What you should do
Once the images are set aside, print the remaining lines below exactly.

Recorded information
________________________
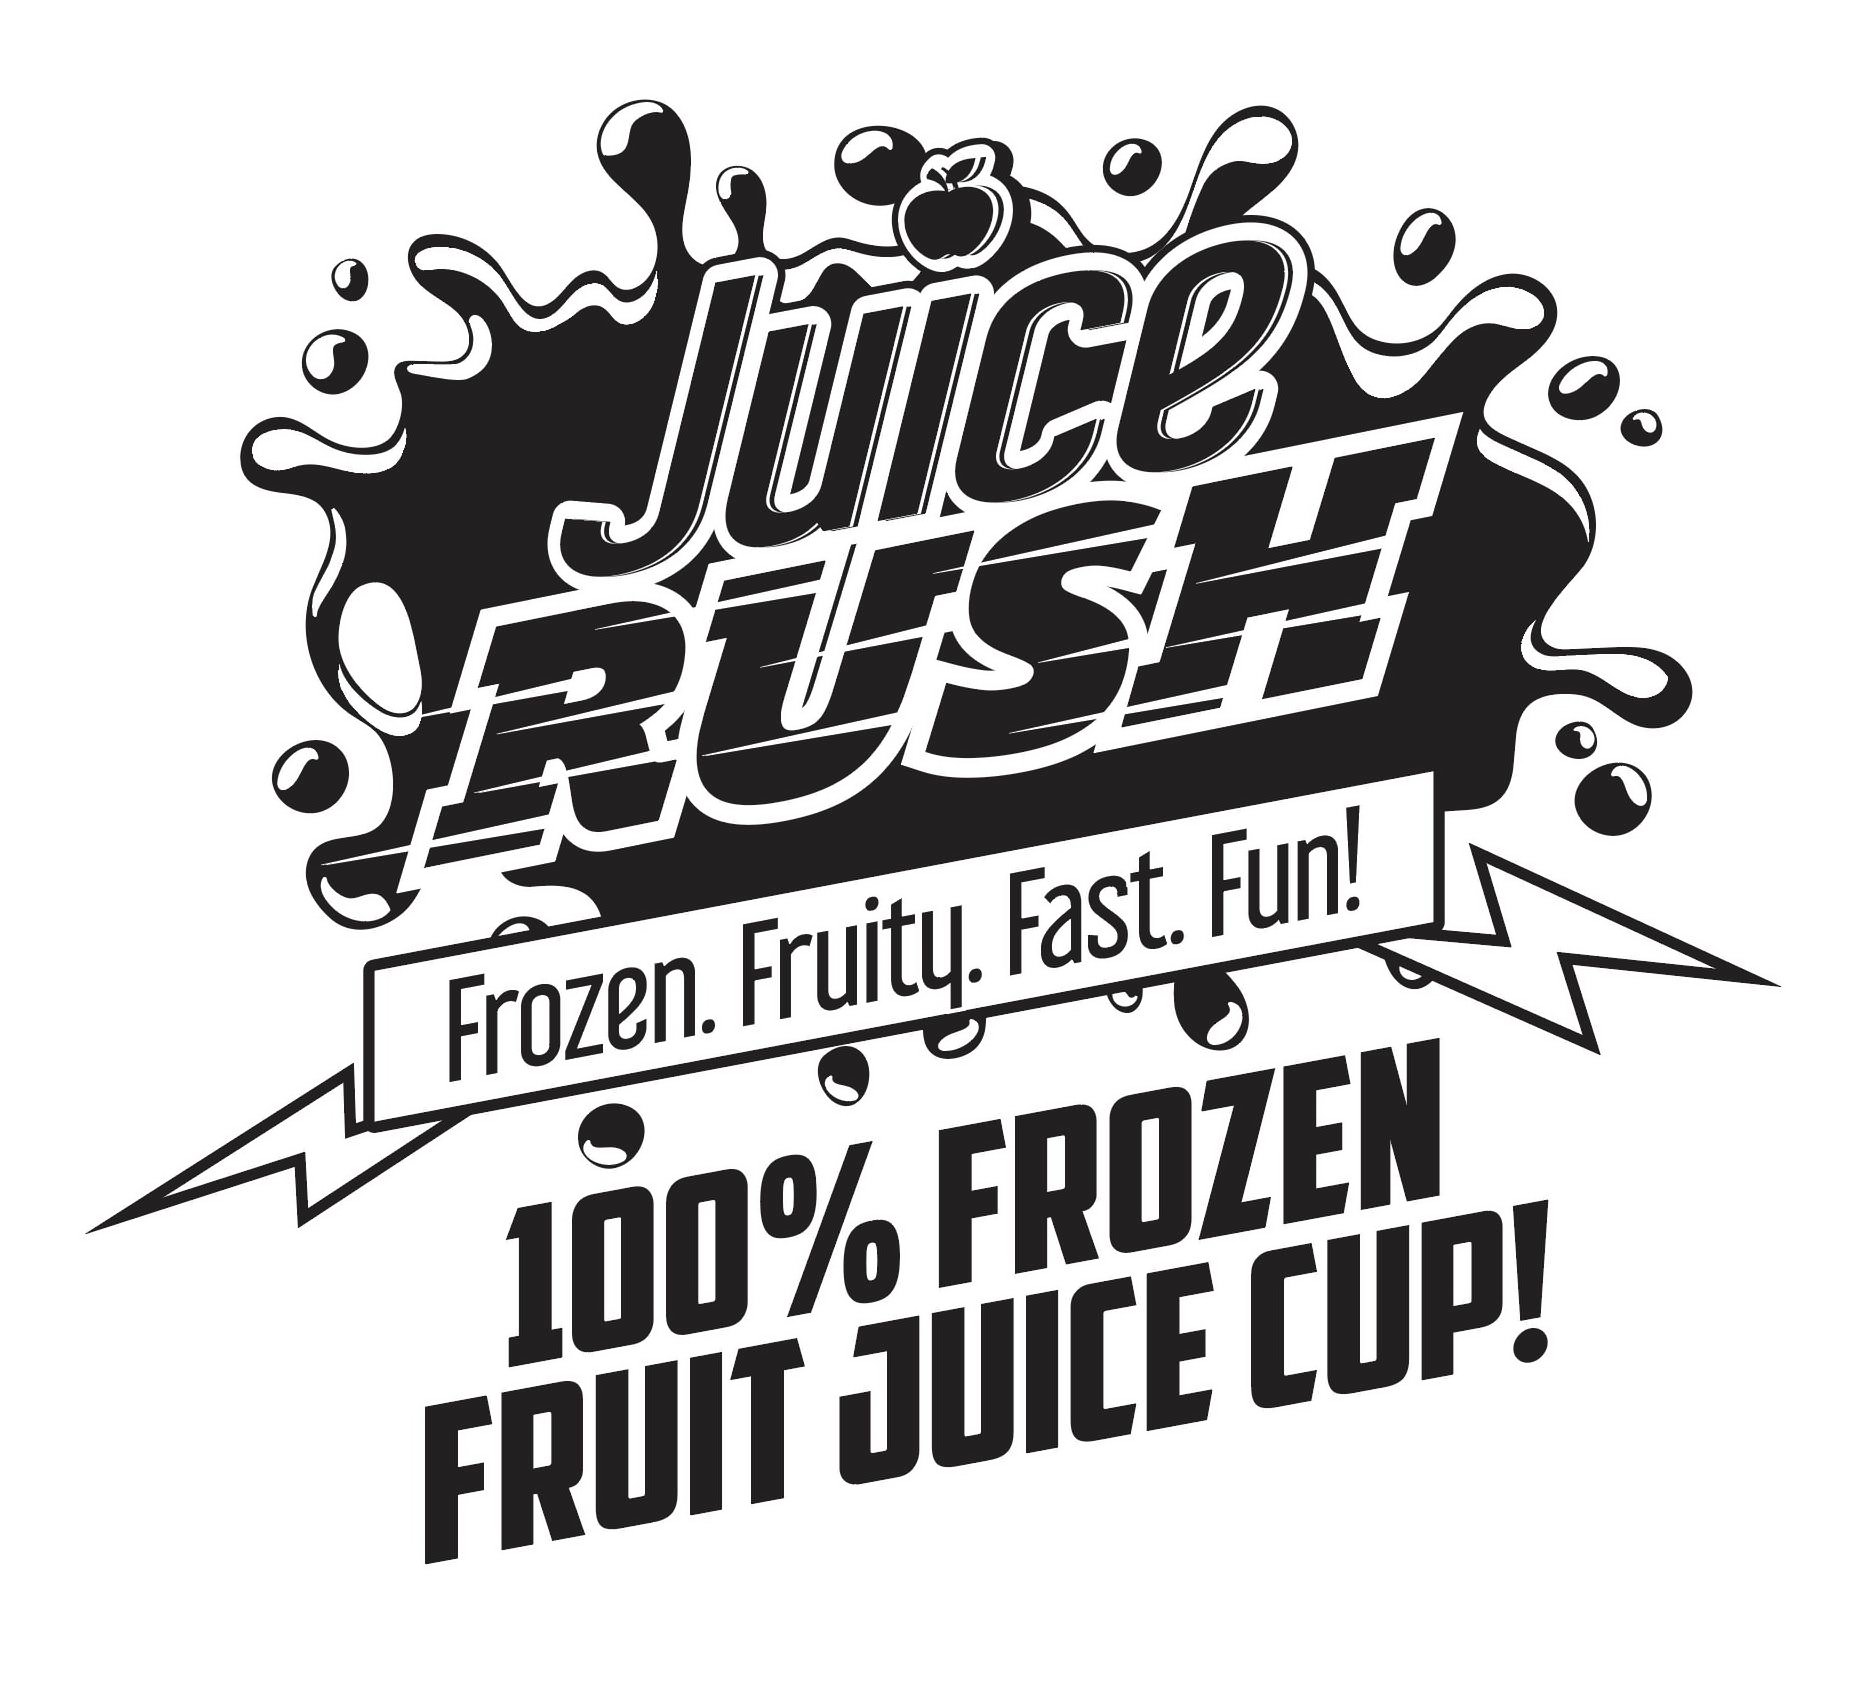  JUICE RUSH FROZEN. FRUITY. FAST. FUN! 100% FROZEN FRUIT JUICE CUP!
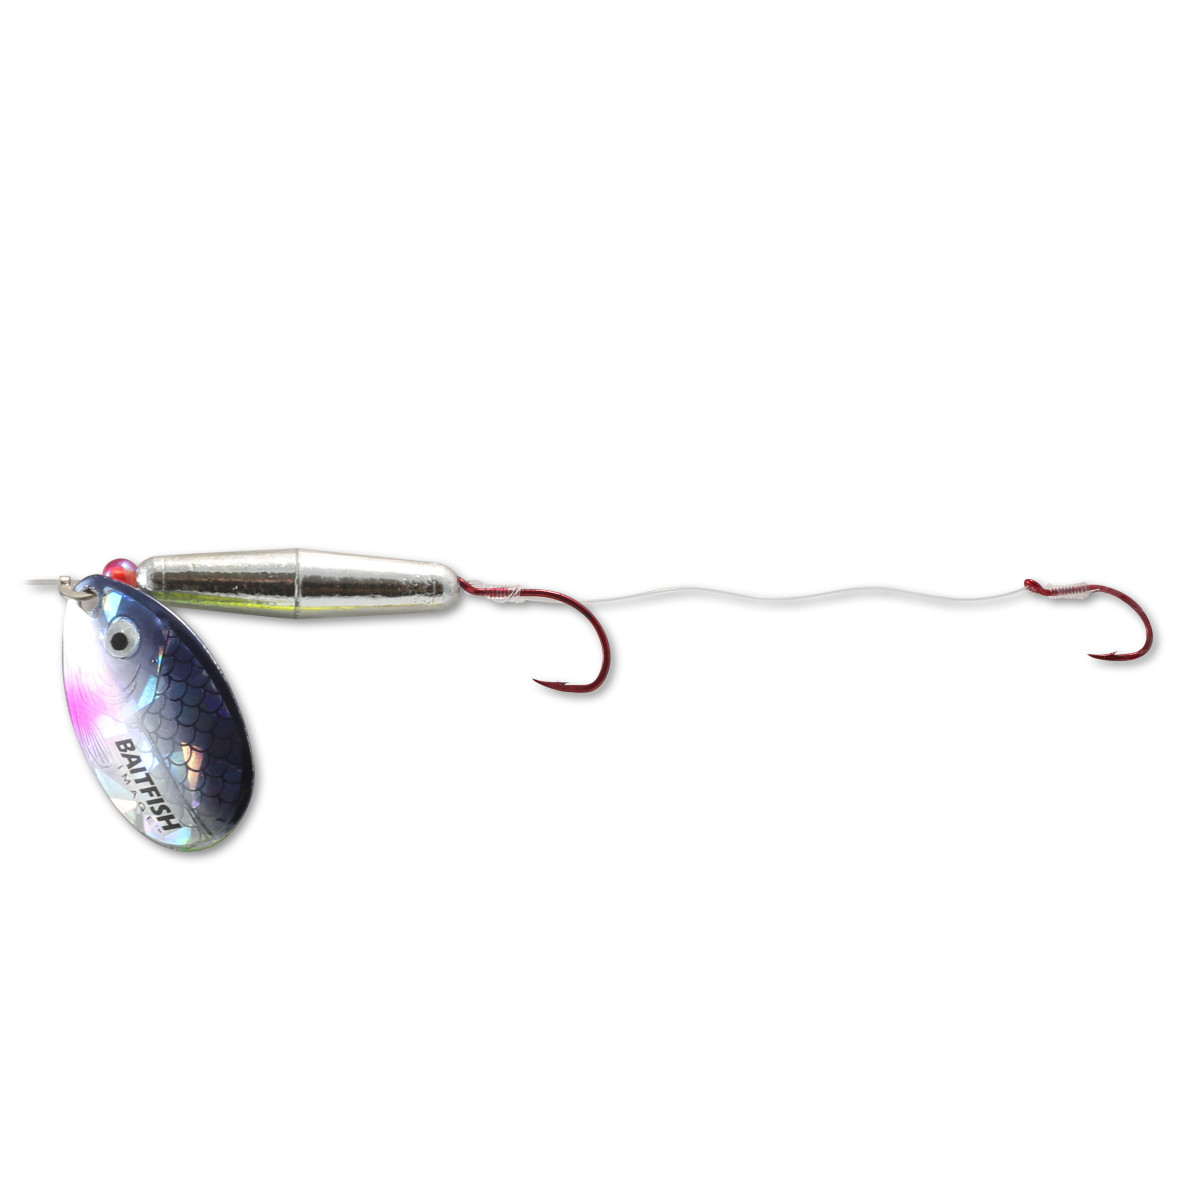 GITZIT RADON SPINNER Silver BLADE 5/8 inline Spinner Fishing Lure
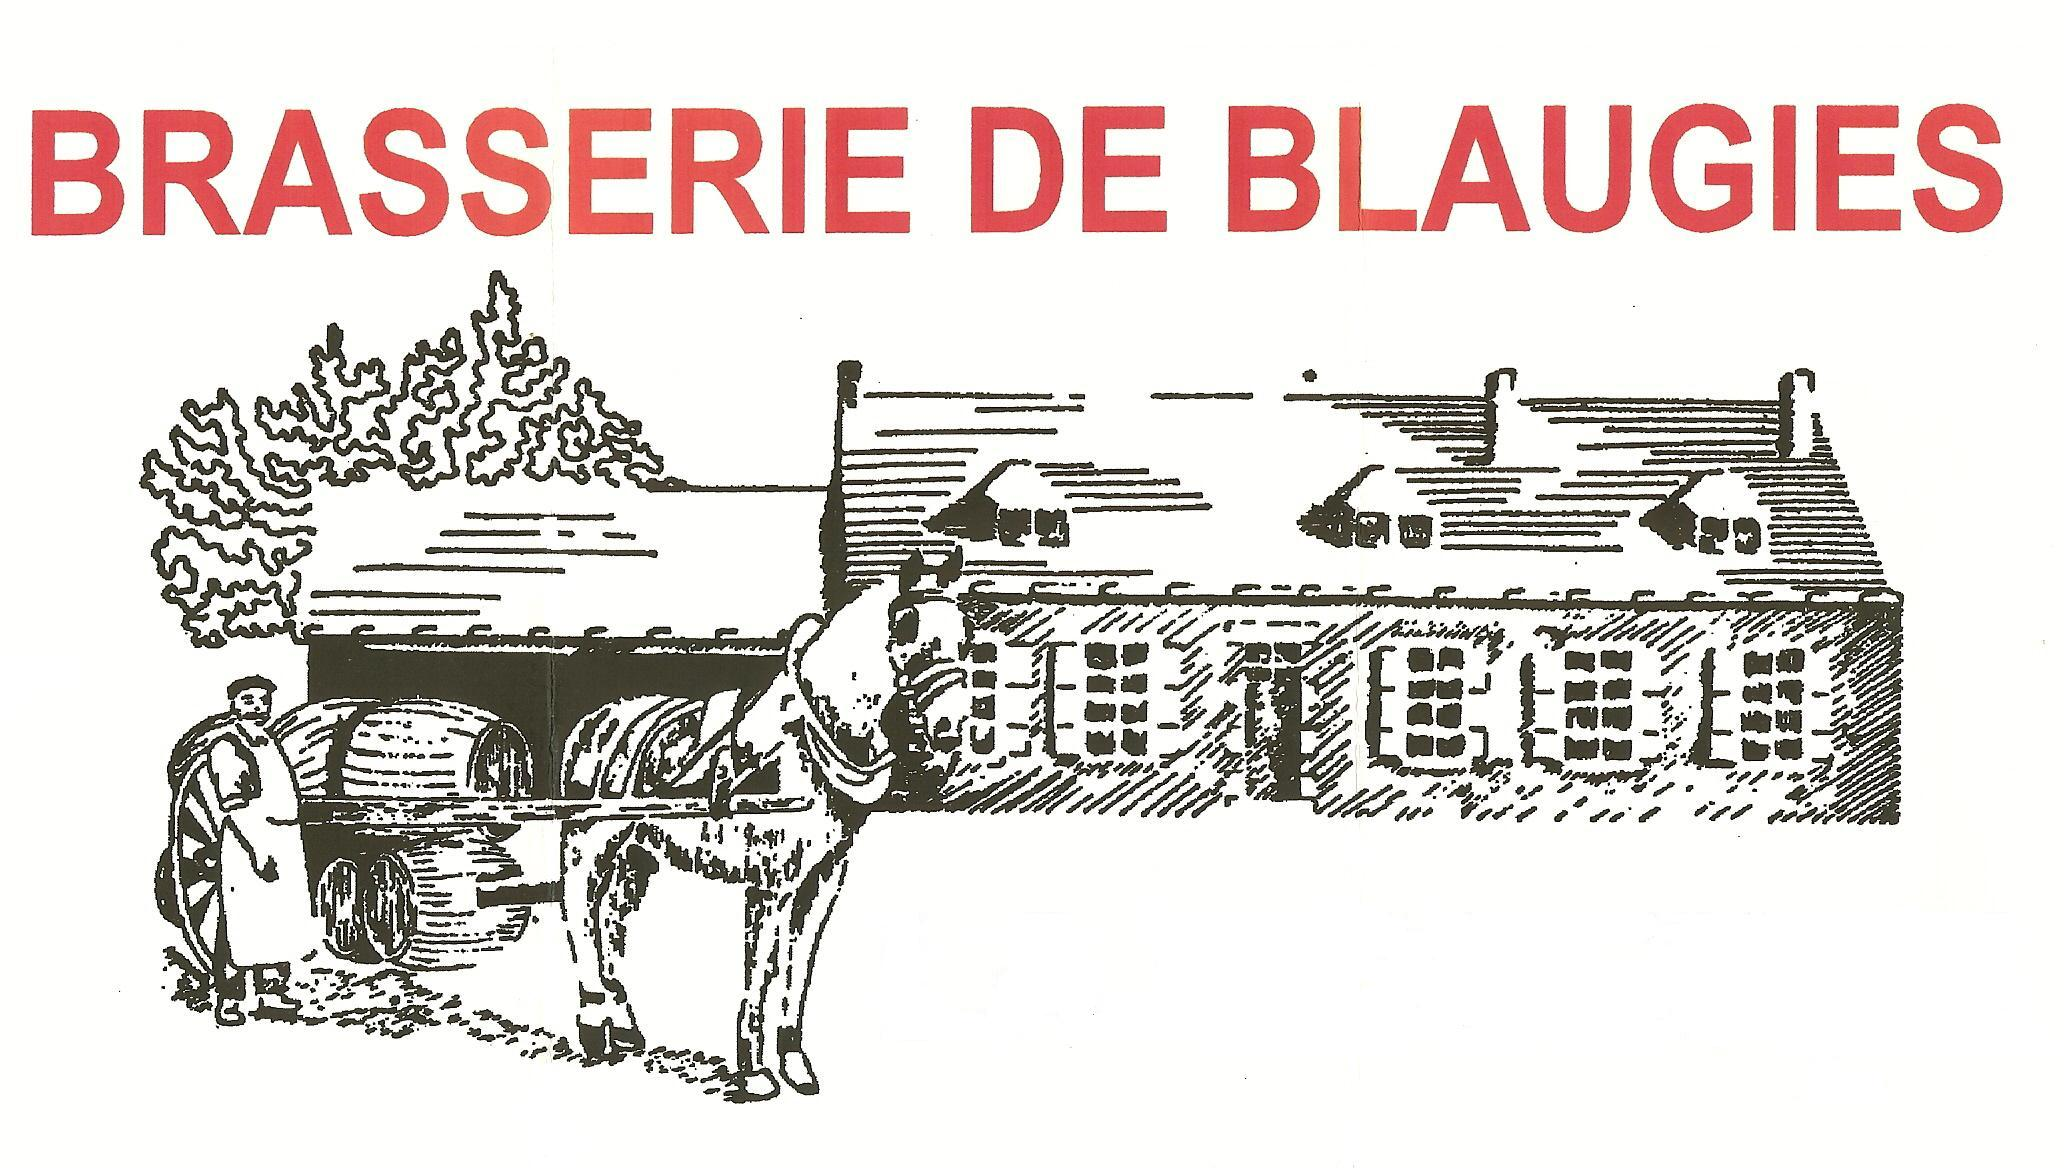 Blaugies Brasserie
________________________
Response to the exercise
  JUICE RUSH FROZEN. FRUITY. FAST. FUN! 100% FROZEN FRUIT JUICE CUP!
 GITZIT RADON SPINNER Silver BLADE 5/8 inline Spinner Fishing Lure
 Blaugies Brasserie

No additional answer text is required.